Ugh, more obvious demonstration, not involving degree 60 polynomials: If you can construct 1 degree or 2 degrees, you can construct 20 degrees, which we've previously shown is impossible.

*hangs head in shame*

Honestly, factoring T₆₀-1/2? What was I thinking?


Anyway, glup.up, that's not a complete construction. What is D? What is A?

[glup.up]

hope it help

[Micron]

hope it help

Not really, since you don't know >OBC or point D. Given point D you can prove that it defines the trisection of >BOE but that doesn't help you find it.

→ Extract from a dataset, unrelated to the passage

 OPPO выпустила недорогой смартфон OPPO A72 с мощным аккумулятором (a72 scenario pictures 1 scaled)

You cannot "draw CA" until you have point A. Without knowing D, A could be anywhere on the line OE between E and some point to the right such that OE = EA. Basically you're asking us to take every point on the arc BE, find a point on the line OE which is 1 radius distant from the current point, and then pick the one which allows us to draw a line through some unknown point D. It can't be done.

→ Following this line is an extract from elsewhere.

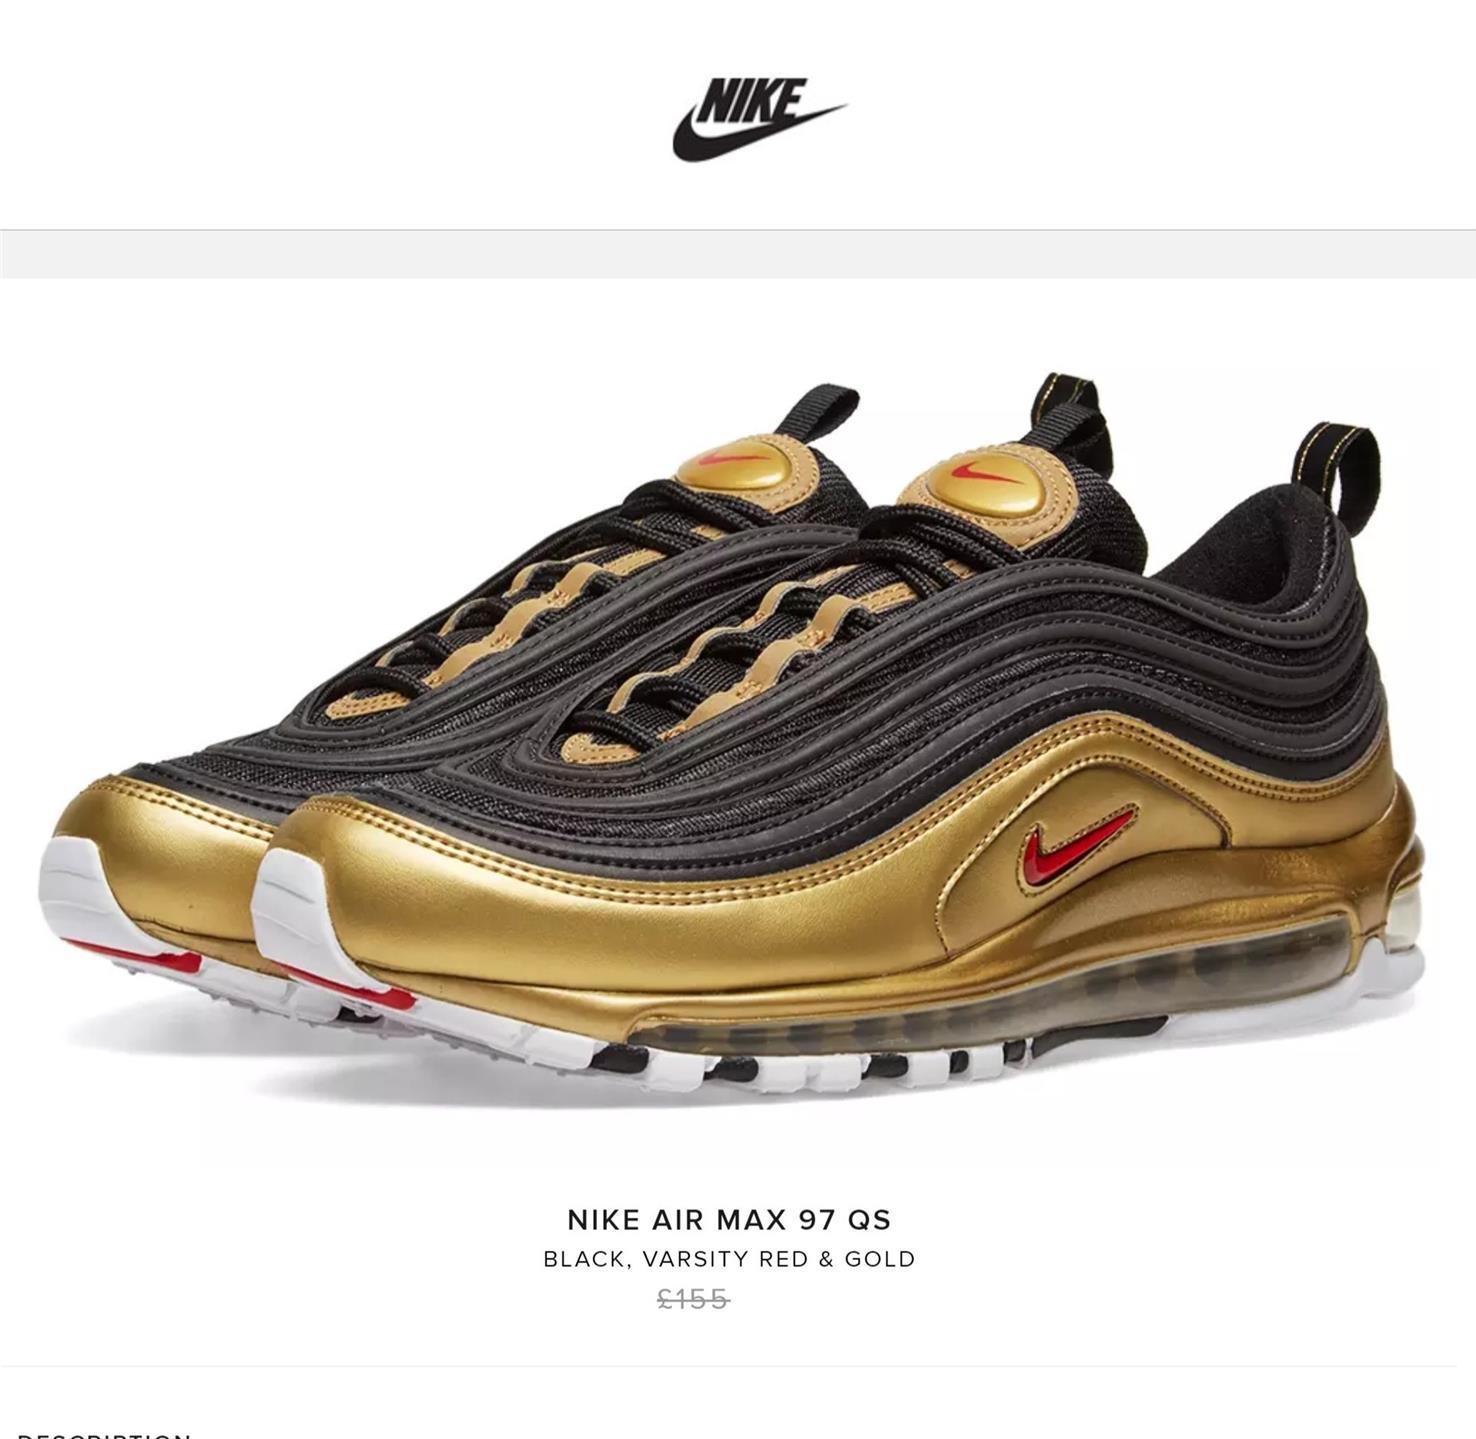 Nike | AIR MAX 97 QS | Nero, Varsity Rosso e Oro | AT5458

Try it; remove points A and D and the lines that depend on them, then reconstruct the diagram.

[antonfire]

Well, it can, it just uses a different set of laws for what you're allowed to do in a construction.

if you allow two ends of a compass to slide along the circle and line (at fixed distance OB) until they point at C, you're set. Yes, this involves picking something out of an infinite set, but so does taking the intersection between two lines.